Under existing Ninth Circuit caselaw then, private conduct is immunized if it is a foreseeable result of state agency action and if circumstances justify an inference that the agency intended to authorize the conduct. We now turn to the question whether PGE's conduct in agreeing with PP L to divide Portland into exclusive service territories was a foreseeable result of the PUC's 1972 Order.

III

We agree with the district court that "[t]he difficult issue in this case is whether the 1972 Agreement effected a territorial division of customers as contemplated by the Oregon legislature." 770 F. Supp. at 570. Unfortunately, the 1972 Order is not particularly clear regarding the PUC's intention to permit a permanent division of the Portland market, as opposed to a one-time exchange of facilities and customer accounts. For this reason, the district court held that the Order failed to meet a strict "clear articulation" test. However, we believe that under our current, more liberal "foreseeability" standard, the 1972 Order is sufficiently clear to cloak the PGE-PP L agreement with state action immunity.

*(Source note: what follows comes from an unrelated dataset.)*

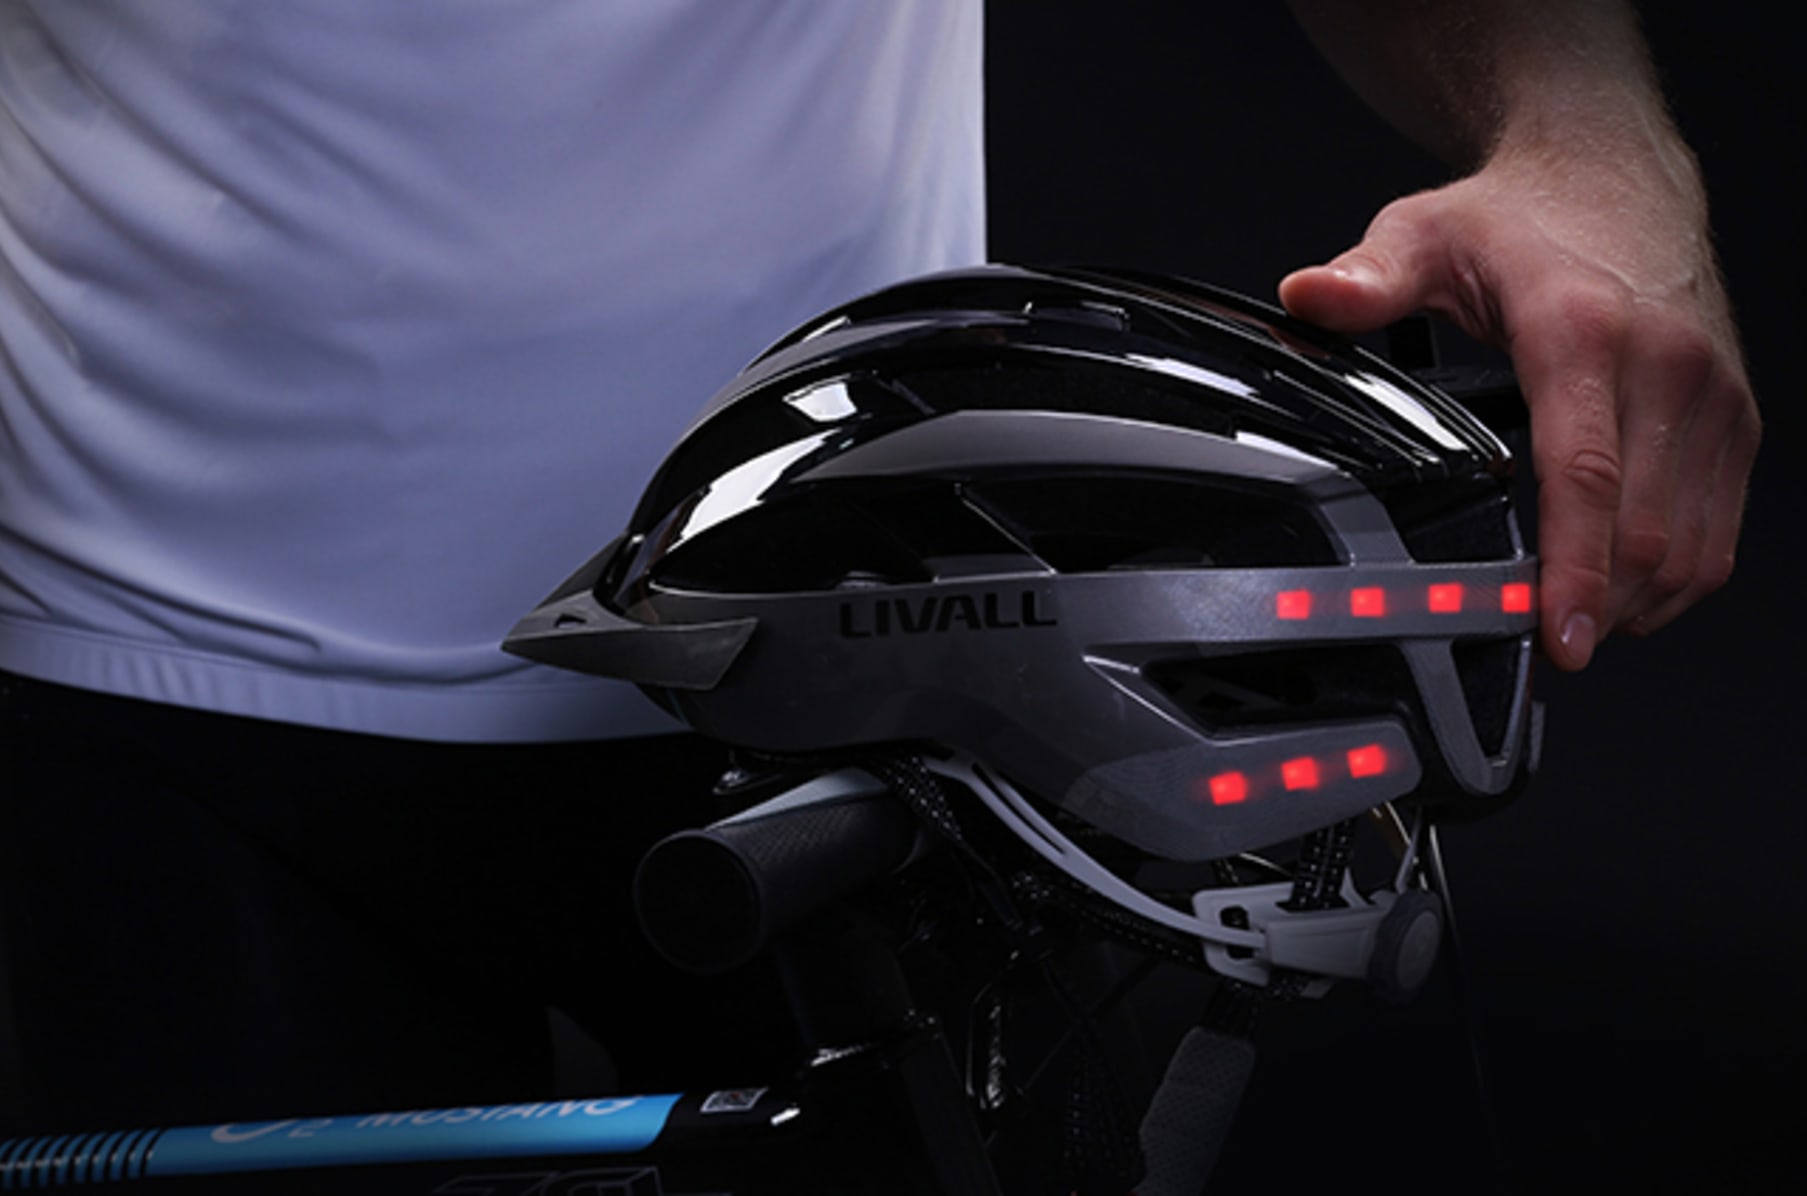 livall mt1 smart bike helmet

Columbia argues that PGE's anticompetitive conduct was not a foreseeable result of the 1972 Order because the Order limits PUC approval to an exchange of properties and a one-time transfer of customer accounts. Columbia points out that the Order never uses the term "exclusive territory" to refer to the arrangement being approved, even though it does use that term to describe the area around the City of Rainier, which had previously been declared the exclusive territory of PP L. Furthermore, in setting the legal framework for the PUC ruling on the application, the Order does not mention the statutory provisions that authorize the PUC to approve agreements creating exclusive service territories (Or.Rev.Stat. §§ 758.410 — 758.440), even though it does refer to the statutory provisions requiring PUC approval for the sale of utility company property (Or.Rev.Stat. § 757.480) and for the transfer of a previously allocated exclusive territory ( Id. at § 758.460).

We agree that these omissions tend to create the impression that the PUC did not intend to approve the creation of new exclusive service areas for PGE and PP L in the City of Portland. But such a reading of the 1972 Order would leave ambiguous the purpose behind the PUC's clear authorization of a transfer of facilities and customer accounts between PGE and PP L. Columbia argues that by approving the transfer, the PUC may have intended to authorize the creation of de facto exclusive territories, but only on a temporary basis. PGE, however, points to other aspects of the Order to support its position that the PUC intended to approve a long-term division of Portland into two exclusive service areas. Most powerfully, PGE argues that there would be little point in creating single-provider territories if customers could later choose to return to their original provider. The initial division was desirable largely because it eliminated the need for duplicate poles, lines and other facilities in each territory. This benefit would be lost if each utility were at liberty to serve customers in the other's area by again duplicating poles and lines.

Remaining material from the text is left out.